Markey and others point to the August 2003 blackout that struck states from Michigan to Massachusetts, and southeastern Canada, as a sign of the grid's vulnerability. Triggered by high-voltage lines stretched by heat until they sagged onto overgrown tree branches, the two-day blackout shut down 100 power plants, cut juice to about 55 million people and cost $6 billion, says the 2004 U.S.-Canada Power System Outage Task Force.

Despite the costs, most of them from lost work, a National Center for Environmental Health report in 2005 found "minimal" death or injuries tied directly to the 2003 blackout — a few people died in carbon monoxide poisonings as a result of generators running in their homes or from fires started from candles. But the effects were pervasive: Television and radio stations went off the air in Detroit, traffic lights and train lines stopped running in New York, turning Manhattan into the world's largest pedestrian mall, and water had to be boiled after water mains lost pressure in Cleveland.

Simple physics, big worry

The electromagnetic pulse threat is a function of simple physics: Electromagnetic pulses and geomagnetic storms can alter Earth's magnetic field. Changing magnetic fields in the atmosphere, in turn, can trigger surging currents in power lines.

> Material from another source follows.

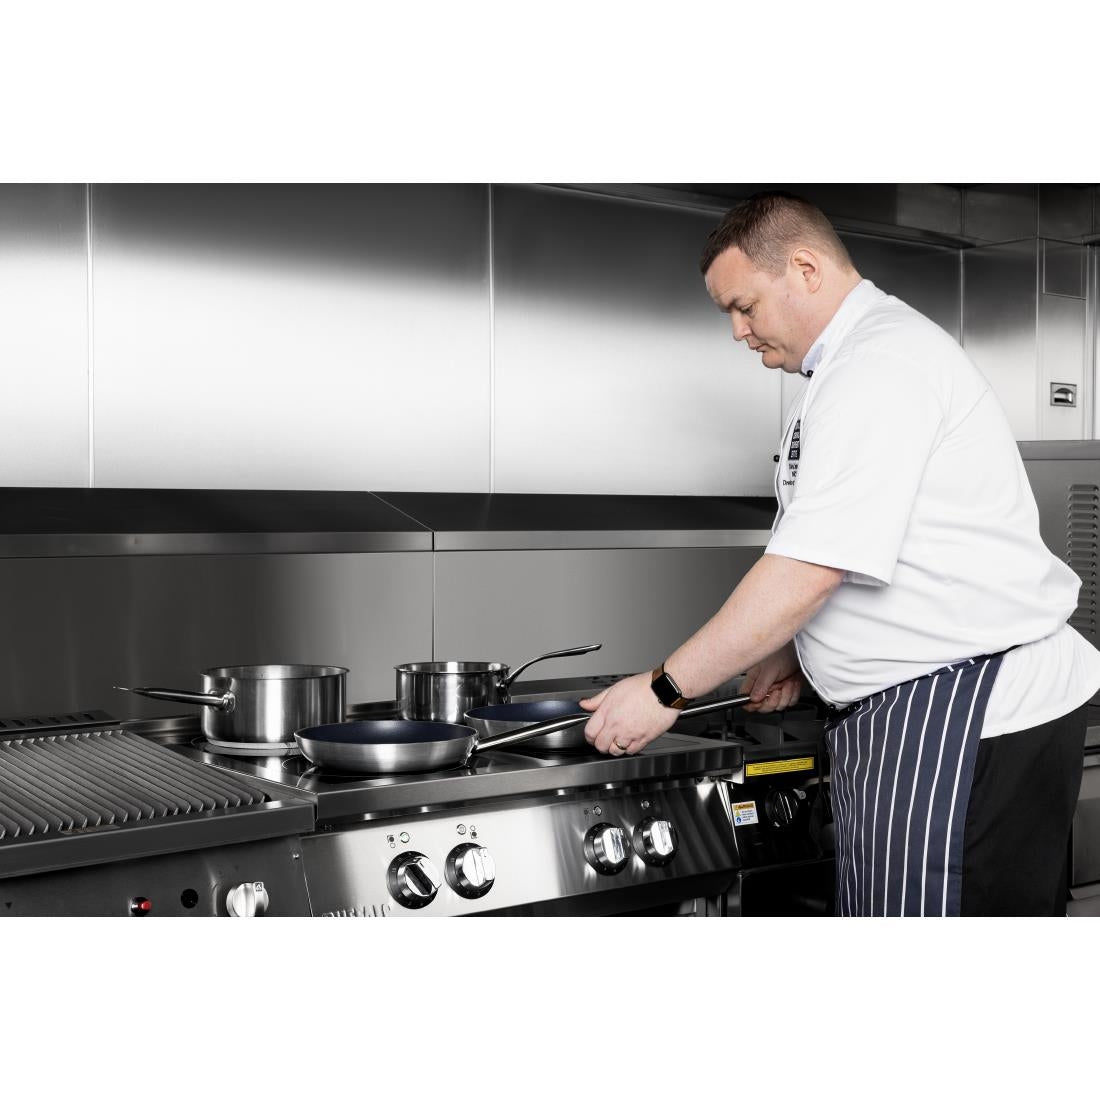 Buffalo Freestanding 4 Zone Induction Hob Pre-Order Offer JD Catering Equipment Solutions Ltd

"It is a well-understood phenomenon," says Butt, who this year reviewed geomagnetic and nuke blast worries in The Space Review.

Two historic incidents often figure in the discussion:

• On July 9, 1962, the Atomic Energy Commission and the Defense Atomic Support Agency detonated the Starfish Prime, a 1.4-megaton H-bomb test at an altitude of 250 miles, some 900 miles southwest of Hawaii over the Pacific Ocean. The pulse shorted out streetlights in Oahu.

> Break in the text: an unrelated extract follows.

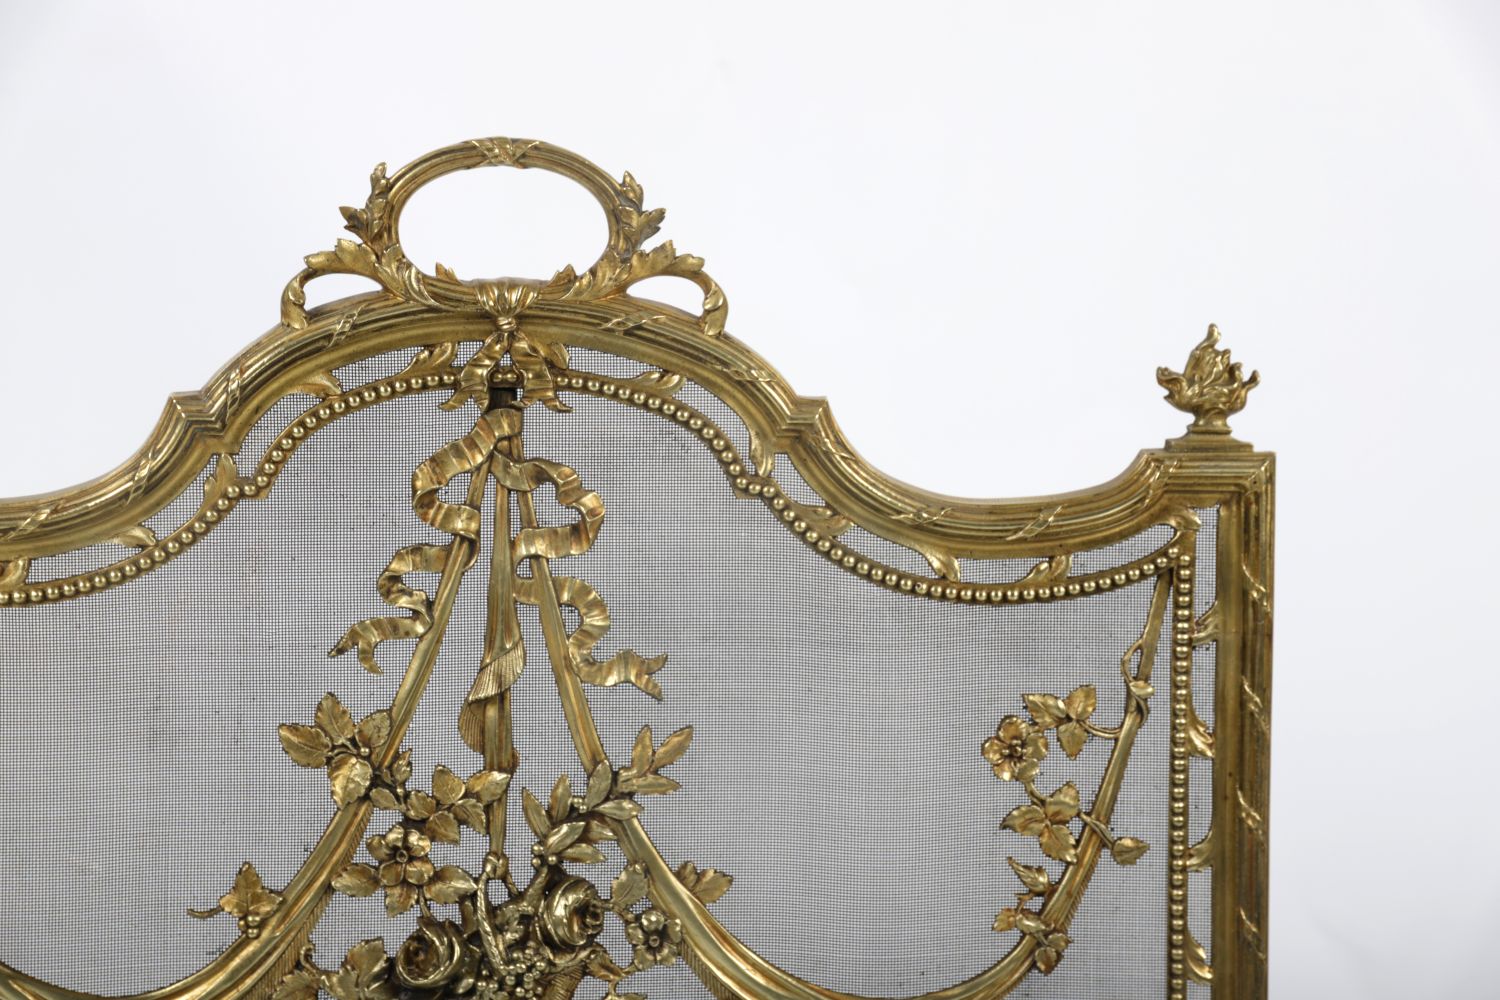 19TH-CENTURY FRENCH ORMOLU FIRE SCREEN - Image 2 of 2

• On March 9, 1989, the sun spat a million-mile-wide blast of high-temperature charged solar gas straight at the Earth. The "coronal mass ejection" struck the planet three days later, triggering a geomagnetic storm that made the northern lights visible in Texas. The storm also induced currents in Quebec's power grid that knocked out power for 6 million people in Canada and the USA for at least nine hours.

"A lot of the questions are what steps does it make sense to take," Legge says. "We could effectively gold-plate every component in the system, but the cost would mean that people can't afford the rates that would result to pay for it."

"The high-altitude nuclear-weapon-generated electromagnetic pulse is one of a small number of threats that has the potential to hold our society seriously at risk," concluded a 2008 EMP Commission report headed by William Graham, a former science adviser to President Reagan.

The terror effect

In the nuclear scenario, the detonation of an atomic bomb anywhere from 25 to 500 miles high electrifies, or ionizes, the atmosphere about 25 miles up, triggering a series of electromagnetic pulses. The pulse's reach varies with the size of the bomb, the height of its blast and design.

Gingrich last year cited the EMP Commission report in warning, "One weapon of this kind that went off over Omaha would eliminate most of the electrical production in the United States."

But some take issue with that.

"You would really need something the size of a Soviet H-bomb to have effects that cross many states," Butt says. The massive Starfish Prime blast, he notes, was at least 70 times more powerful than the atomic bomb detonated over Hiroshima in 1945, and it may have blown out streetlights but it left the grid in Hawaii intact.

One complication for rogue nations or terrorists contemplating a high-altitude nuclear blast is that such an attack requires a missile to take the weapon at least 25 miles high to trigger the electromagnetic pulse. For nations, such a launch would invite massive nuclear retaliation from the USA's current stockpile of 5,000 warheads, many of them riding in submarines far from any pulse effects.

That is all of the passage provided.